Email Marketing & CRM Seminar Roundup: 20 November 2019

Our Email Marketing & CRM Seminar on Wednesday saw delegates from a diverse range of brands come together for an afternoon of presentations by expert speakers with a wealth of experience working with email and CRM. Here we sum up the key takeaways from each presentation and some of the main questions that were discussed on the panel. You can also follow the links to watch the full presentations.

Personalisation: Why Does it Fall Short?

Laura Paterson, Customer First Marketing for Selligent Marketing Cloud, looked at how marketing has evolved from the mass-market era to the era of relevance and focused on four key areas where marketers are struggling to create personalisation.

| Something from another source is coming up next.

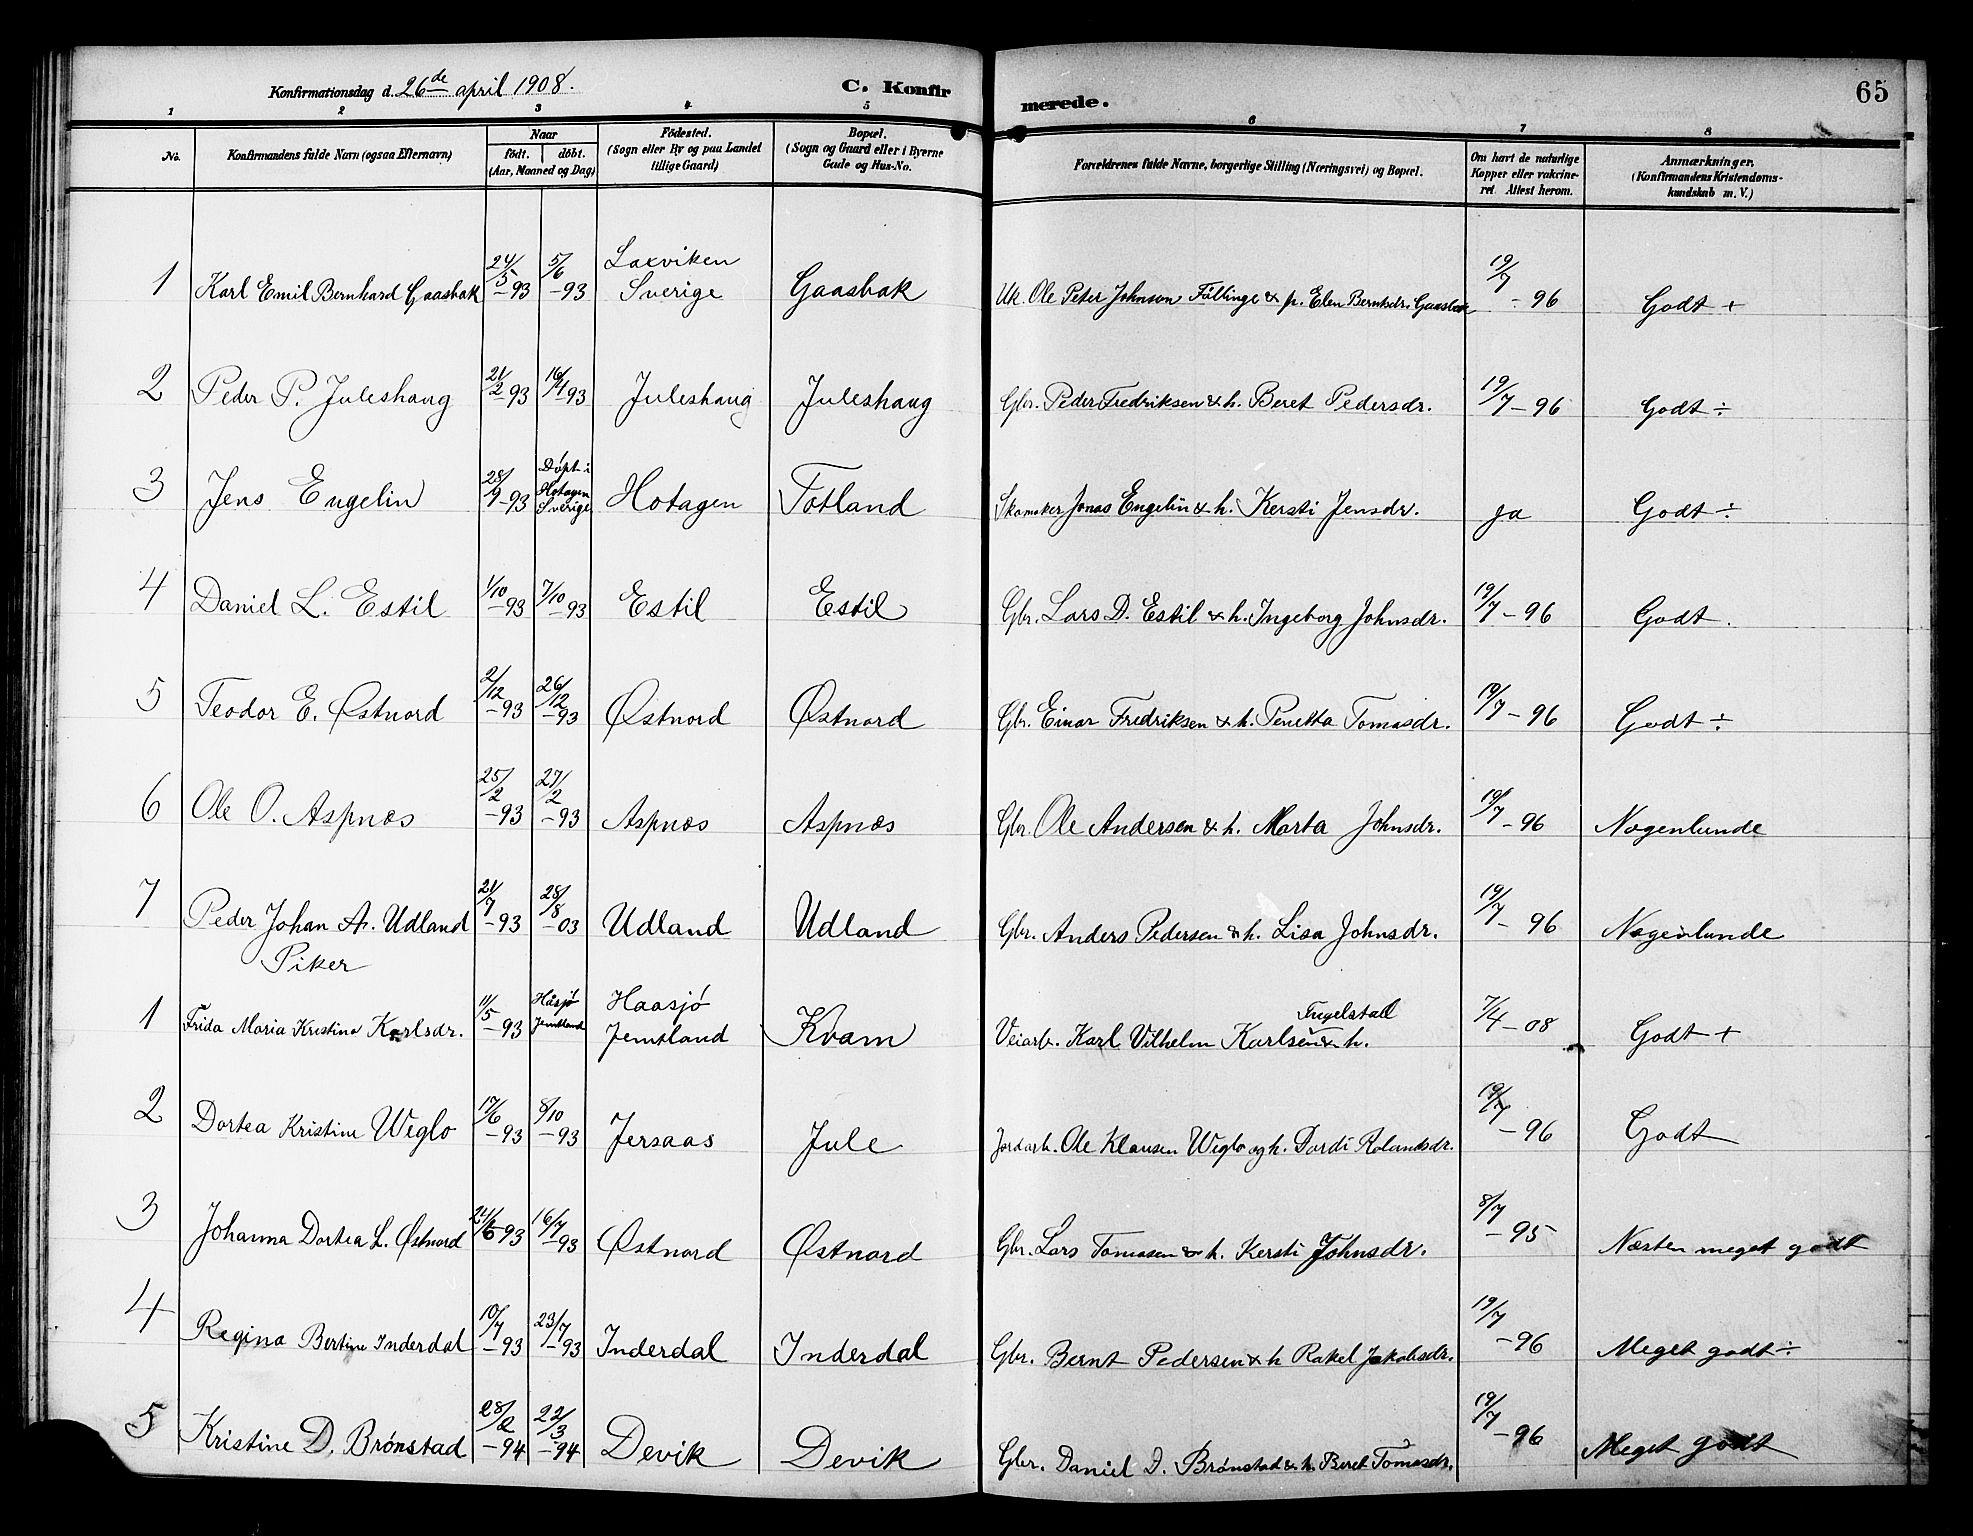 SAT, Ministerialprotokoller, klokkerbøker og fødselsregistre - Nord-Trøndelag, 757/L0506: Klokkerbok nr. 757C01, 1904-1922, s. 65

Laura explained how to drive personalisation with AI; for example, using different email opening lines for different customers. She also stressed the importance of using customer data to target customers smartly (the right content at the right time). She ended by sharing three key tips: use the data you have, don’t do things that would make you feel uncomfortable as a customer, and make your marketing customer-focused rather than business-focused.

 

Reach for the Stars! … OK Down a Bit

Julie Neilson, Head of Planning at Edit, identified three key challenges of creating marketing strategies: being over-optimistic, underestimating the challenges, and not consulting implementation teams early enough. For Julie, ambition is positive, but it needs to be reality-checked. This means you bring pragmatism and realism into your strategy and don’t try to reach unrealistic goals.

She explored what CRM can realistically achieve, how to use data effectively, and summarised the roles that different members of your strategy team play. Julie also pointed out that you should be working with your client and not only for them because working collaboratively produces the best results.

Delivering Transformation in CRM

Stuart Russell, Client Services Director at Planning-inc, talked through four key characteristics a high-performing CRM team should have: agility, clarity, balance, and efficiency. He illustrated how much time you can save by having access to the right customer data and shared some examples of the success of their client, New Look.

Stuart discussed how to strike a balance between what marketers want to achieve and what the business cares about and how this benefits your CRM programme. He offered some examples of successful email campaigns they have run, including almost eradicating unsubscribes and increasing revenue through geo-targeting.

 

The Five Most Important Marketing KPIs and How to Track Them

Christelle Fraysse FCIM, Chief Marketing Officer at Workbooks, shared that fewer than half of business leaders believe that marketing expenditure significantly contributes to revenue or profitability. Christelle offered some tips on how to demonstrate that you’re producing something as a marketer and not just costing your company.

She broke this down into trackable KPIs, including measuring marketing contribution to revenue, customer acquisition cost, customer lifetime value, and whether you’re investing wisely.

Christelle also explained how to calculate your net promoter score by dividing your customers into promoters, detractors, and passives. She stressed the importance of marketing automation and CRM being integrated and different pieces of information not being siloed.

 

Hacking the Stack: How to Bring Strategy Back to Email

Alex Henry, Client Solutions Director, International at Bluecore, showed that email marketing, far from dying out, is actually growing. He focused on the rising cost of acquiring consumers and the fact that it takes longer to do. This means that businesses are increasingly resorting to discounts to attract people, but this is creating a discount culture where consumers never want to pay full price for anything and so wait for discounts before engaging with brands.

Alex demonstrated how essential unified retail data is and stressed that the emphasis should be on customer engagement rather than the volume of emails.